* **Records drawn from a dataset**

-*-*-

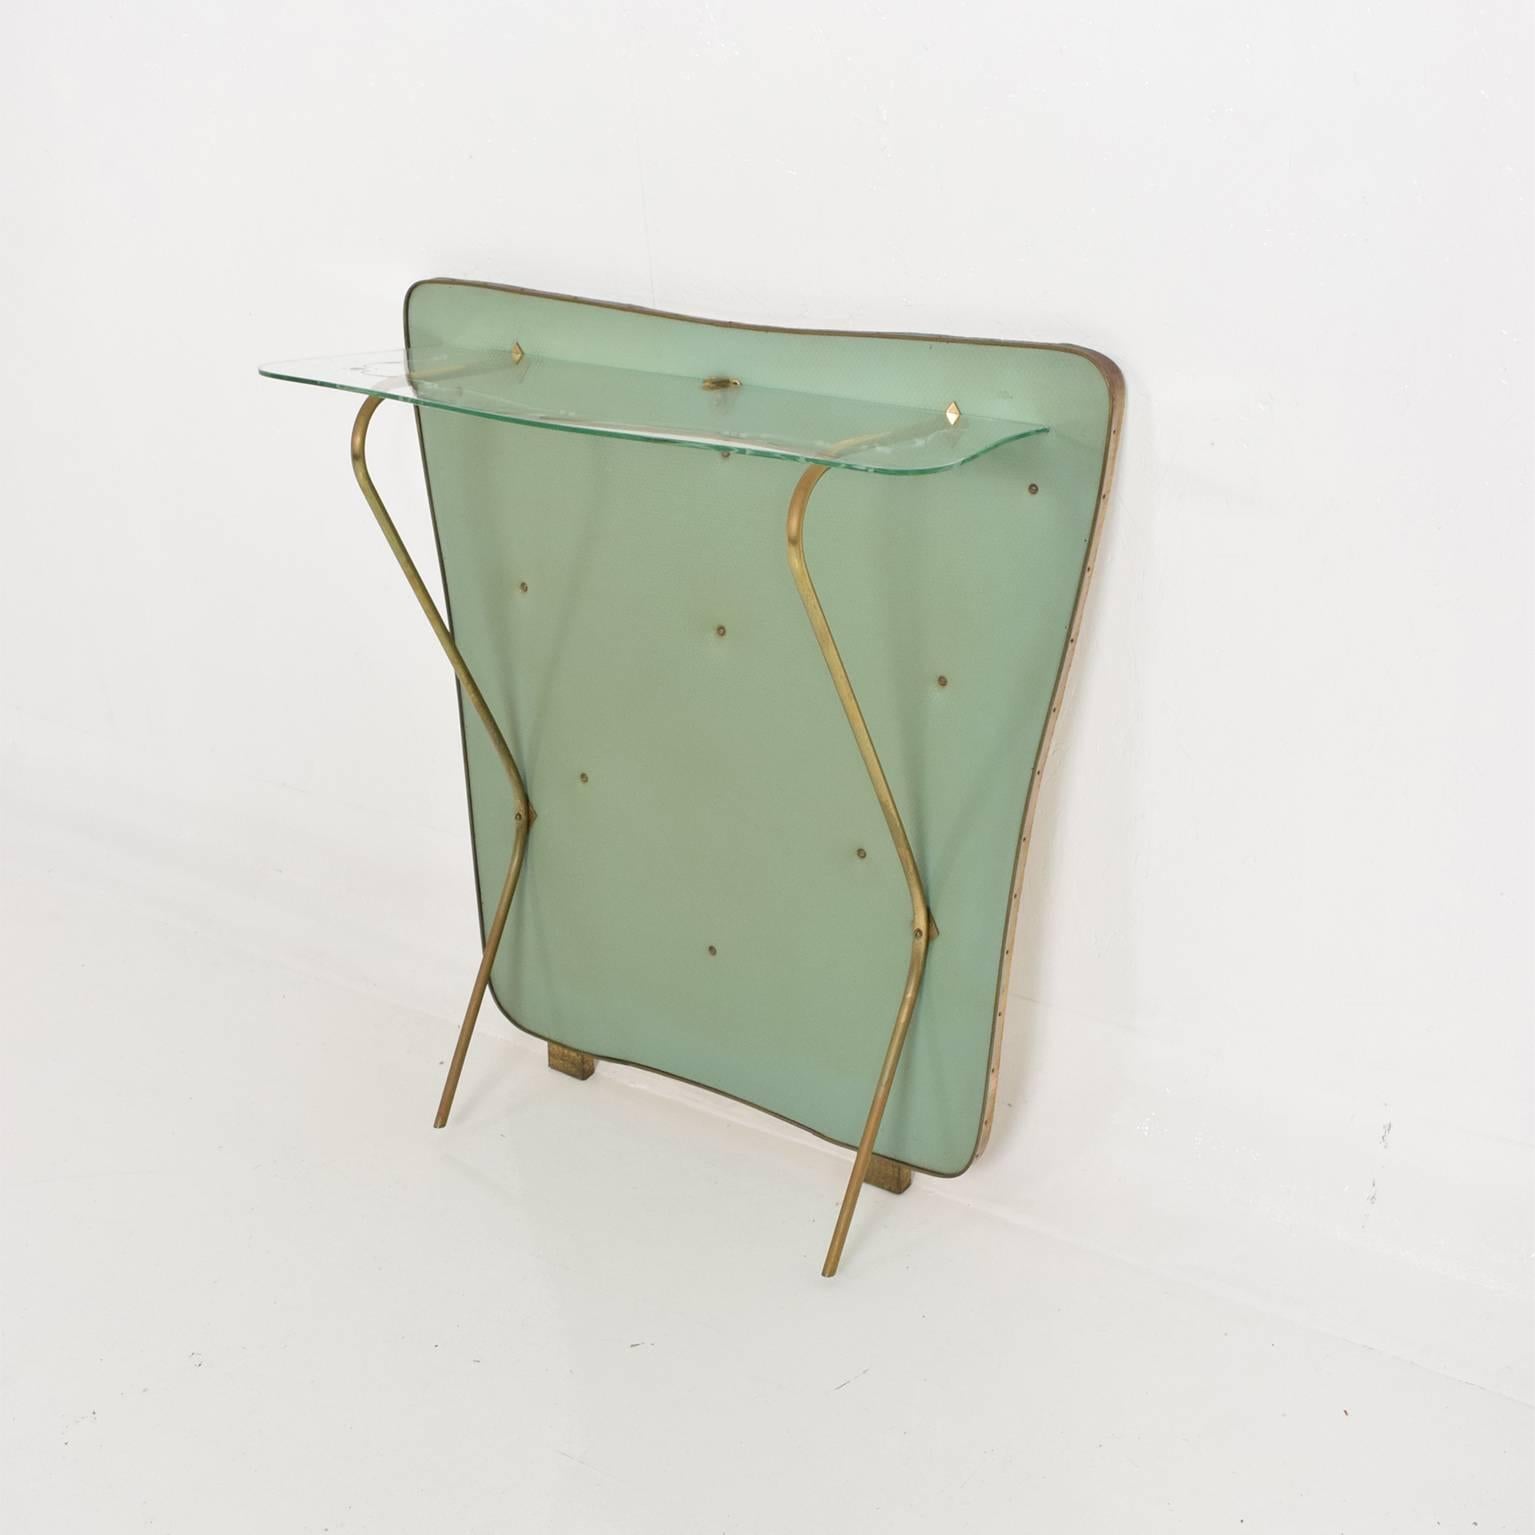 For your consideration a Mid-Century Modern wall console. Made in Italy, circa late 1950s.
Wood board with original green vinyl cover. Brass frame, legs, and brackets support the sculptural original glass.

Dimensions: 32 1/2
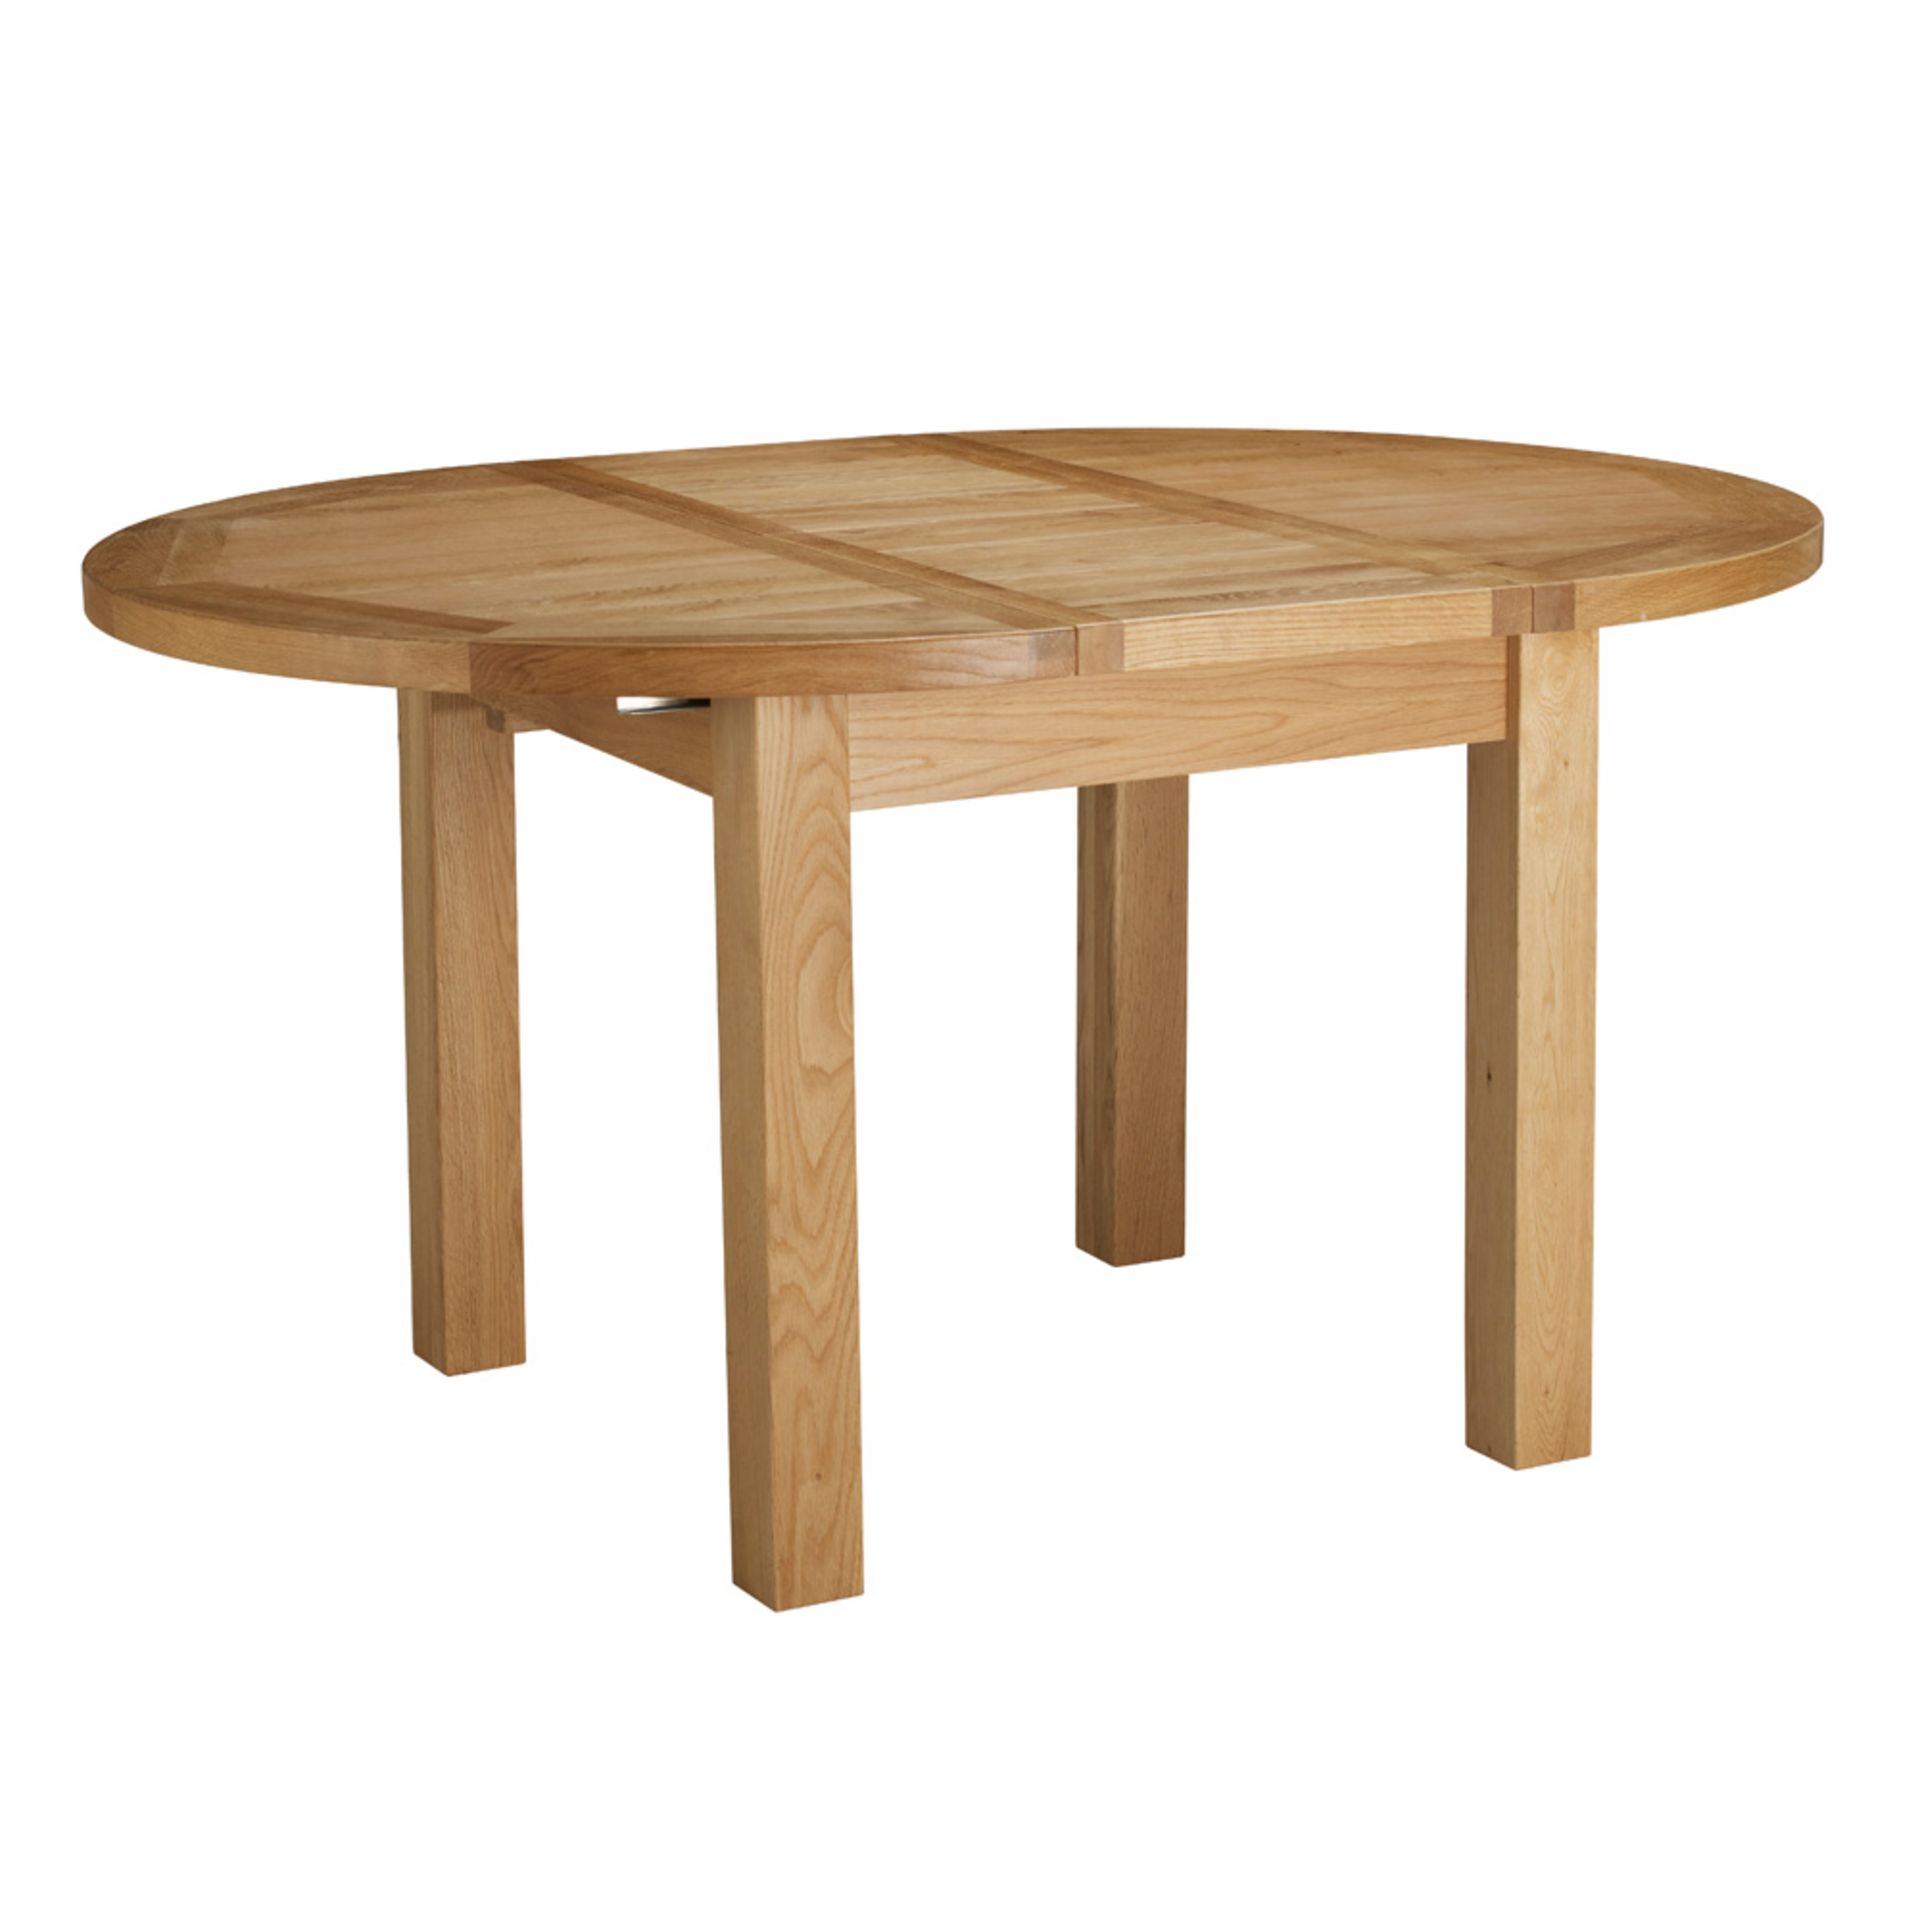 V Brand New Chiswick Oak Round Butterfly Extension Table 107/145w x 90d x 77h cms ISP £760.00 (
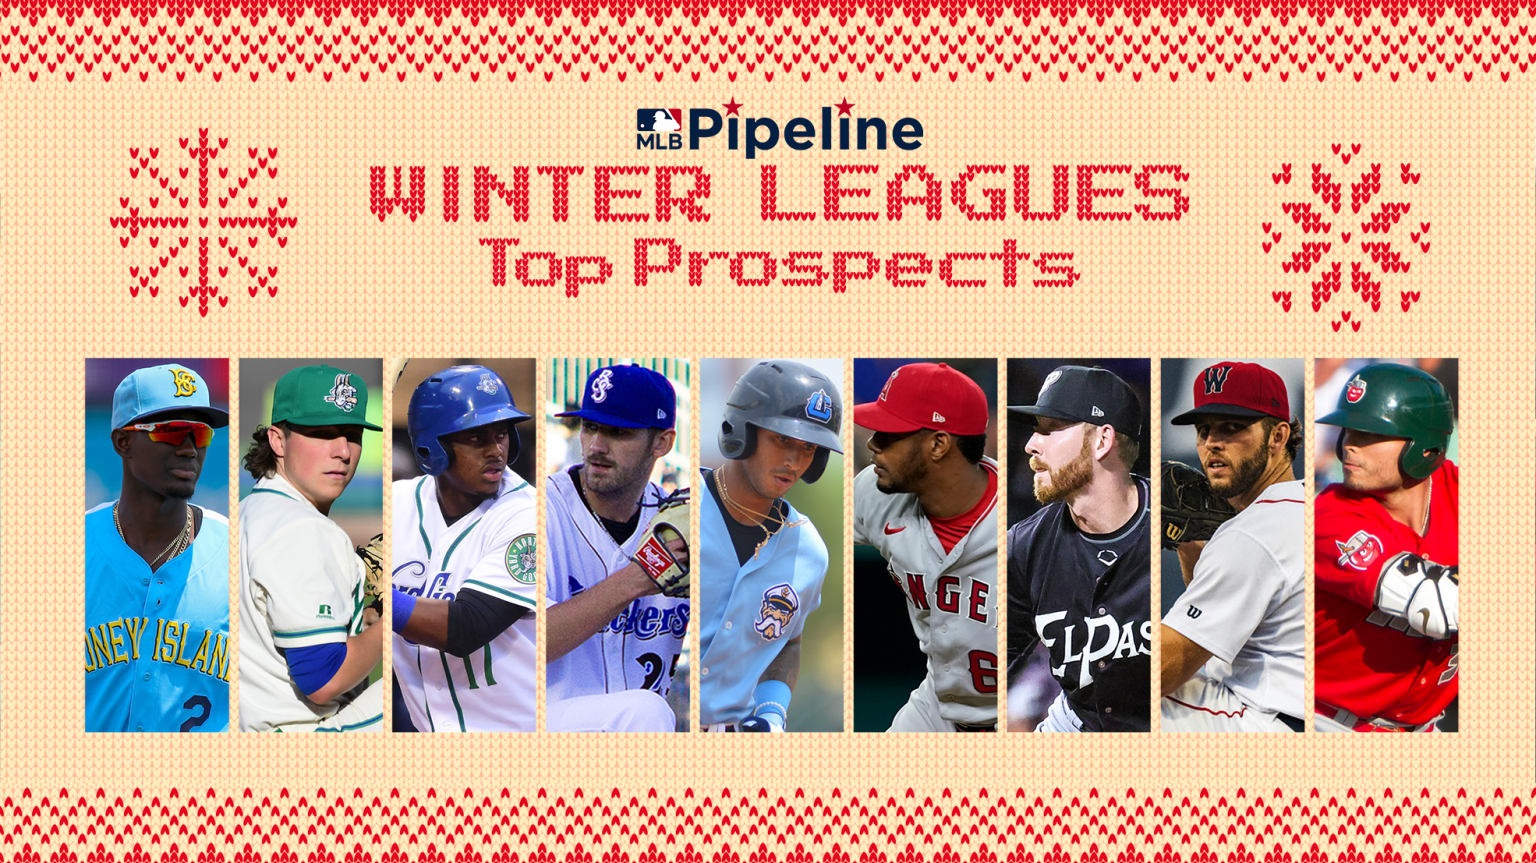 Winter Leagues top prospects

-*-*-

* **Directions for this task**
Starting with the line that holds "Dimensions: 32 1/2", print each line through the last one of the data exactly as written, but do not include the pictures.

* **Task solution**
Dimensions: 32 1/2
 V Brand New Chiswick Oak Round Butterfly Extension Table 107/145w x 90d x 77h cms ISP £760.00 (
 Winter Leagues top prospects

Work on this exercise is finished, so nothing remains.